Much of our focus for the past several decades has been restricted to later stages of schizophrenia in an effort to reduce chronic disability. RAISE moves the focus to an earlier stage when recovery may be more tractable. There are still several questions to be addressed: What individual factors and interventions predicted best outcome? What will be the long-term effects of NAVIGATE? Do the economics of comprehensive care support broad adoption?

Usually we answer questions like these and expect to replicate results before recommending dissemination and implementation. While a purist might worry about premature implementation, the egregious delay for first-episode psychosis treatment revealed in this study demonstrates that we cannot wait a decade to provide more comprehensive care earlier in the trajectory of schizophrenia. With this in mind, the National Institute of Mental Health has announced the Early Psychosis Intervention Network (EPINET) for implementing the findings of RAISE within a learning health care system (http://www.nimh.nih.gov/concept-clearance/EPINET).
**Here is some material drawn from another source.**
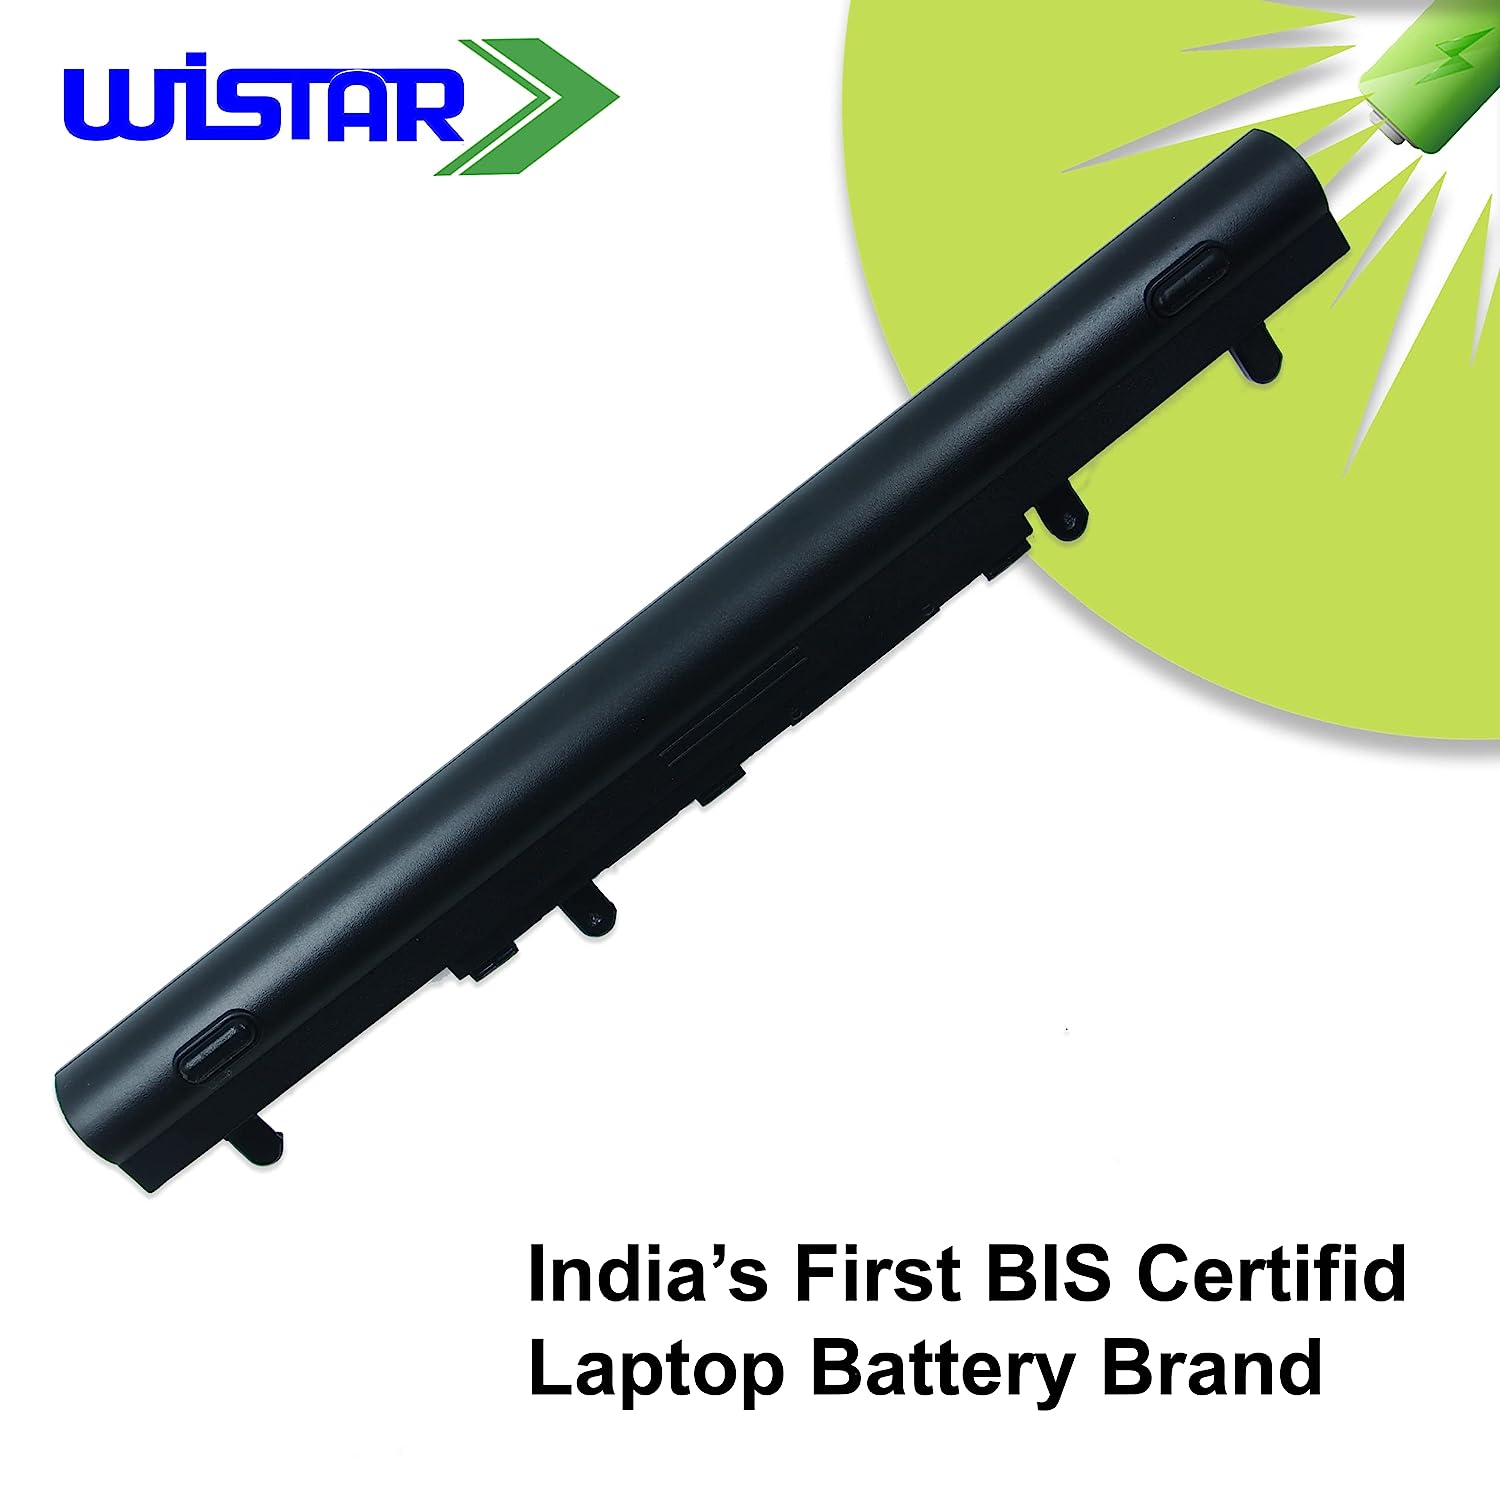 WISTAR Laptop Battery Compatible for AL12A32 AL12A72 Acer Aspire V5 V5-431 V5-551 V5-571 V5-471G V5-571 V5-431,Aspire E1 E1-572 E1-510P E1-522 E1-532 E1-470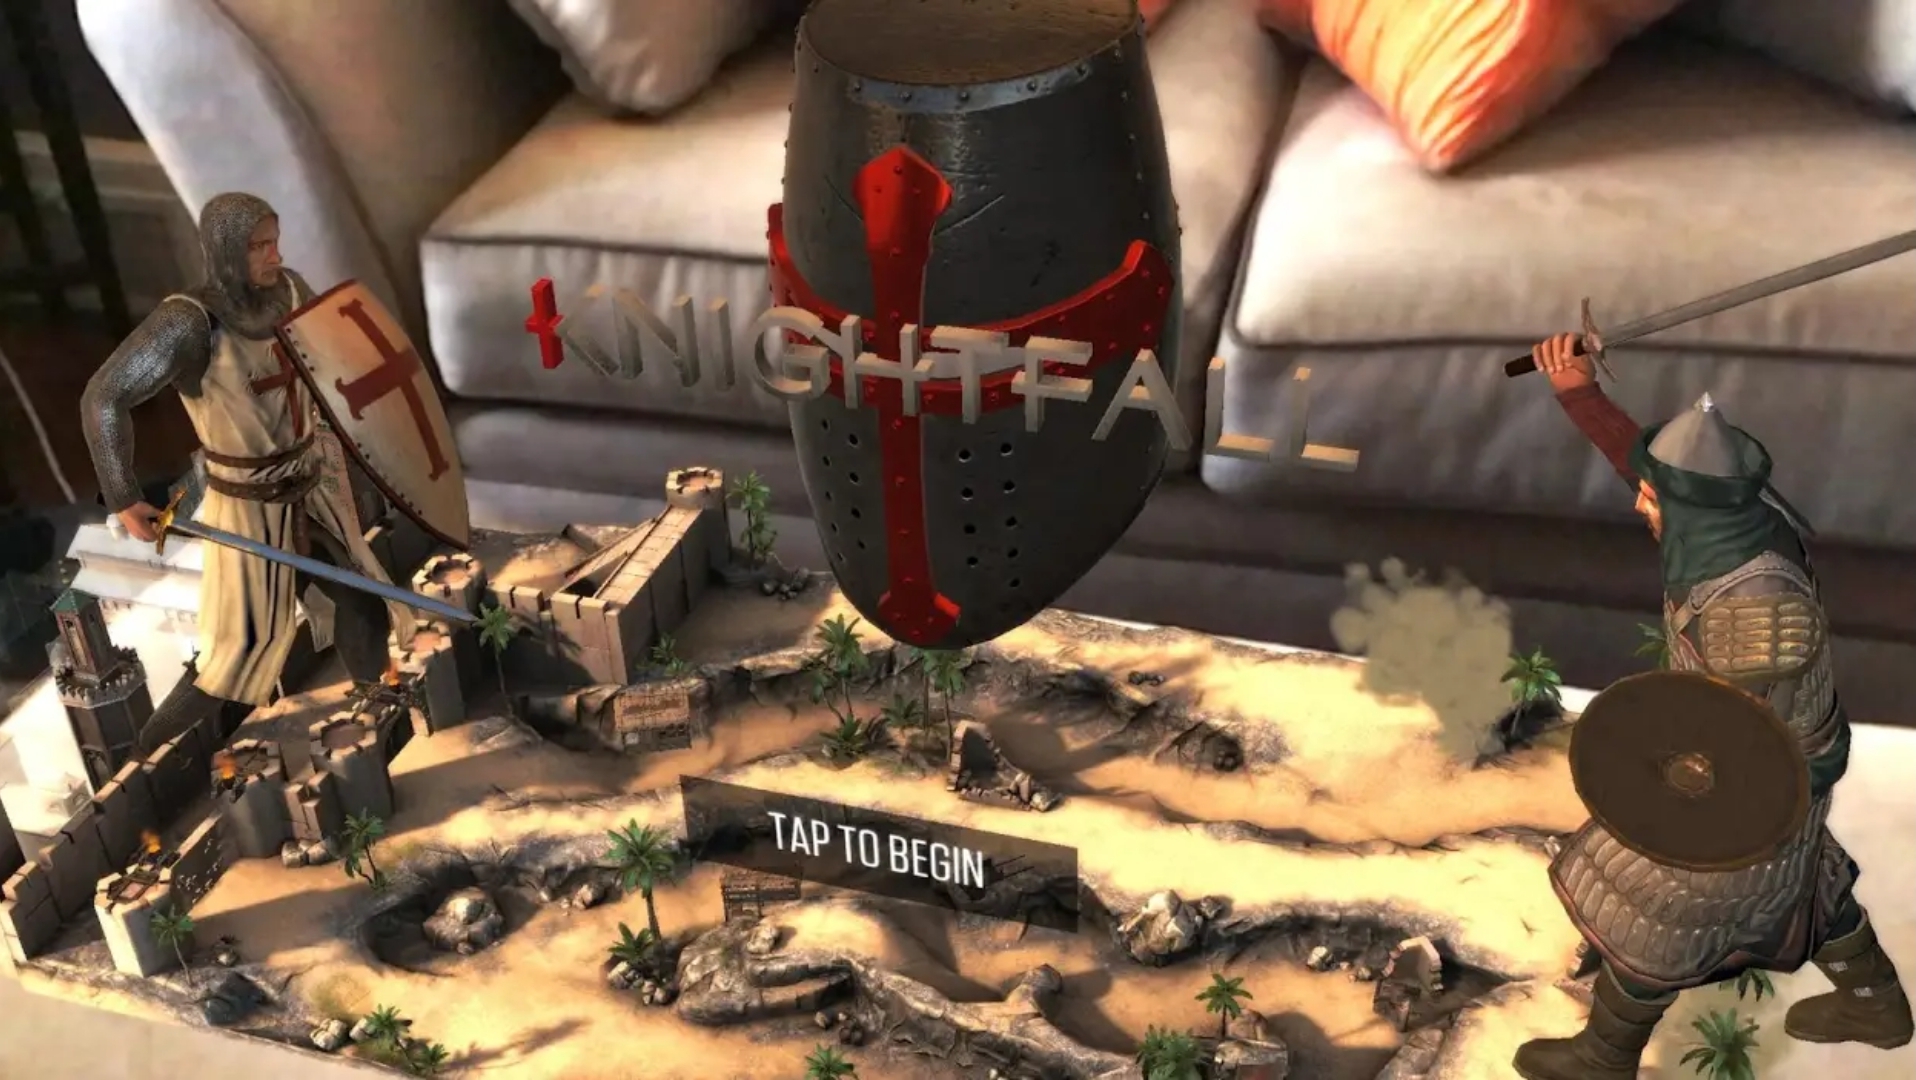 Knightfall-AR

Instead of moving research to practice, the intent of EPINET is to move practice to research: engaging patients, families, providers, and clinics to optimize first-episode psychosis treatment by collecting data on outcomes and improving care iteratively. EPINET will also move even earlier in the trajectory to preempt the first episode in youth at high risk for psychosis. The success of this approach will not only require evidence of efficacy but commitments of public and private insurers to support comprehensive care early in the illness as an investment to ensure better outcomes and reduce subsequent costs.

If our experience with acute lymphoblastic leukemia is predictive of what can happen for young people with schizophrenia, RAISE should sound a hopeful note. While there is every reason to seek new and better treatments for schizophrenia, RAISE reminds us that we can achieve better outcomes by adapting the medical and psychosocial treatments we have today. As with acute lymphoblastic leukemia, the path to better outcomes depends on better organization of care and a commitment to continuous quality improvement. In the case of first-episode psychosis, that path includes early detection, training providers in comprehensive team-based approaches, combining several modalities of treatment and support, and orienting care around shared decision-making and patient preference. Sadly, this approach does not (yet) lead to a cure rate of 80%—schizophrenia may be a much tougher target than acute lymphoblastic leukemia. Of course, the transformation of acute lymphoblastic leukemia care began in 1970. We are still comparatively early in the process of transforming care for young people with schizophrenia. RAISE represents just the beginning of the change of our expectations for recovery after a first episode of psychosis.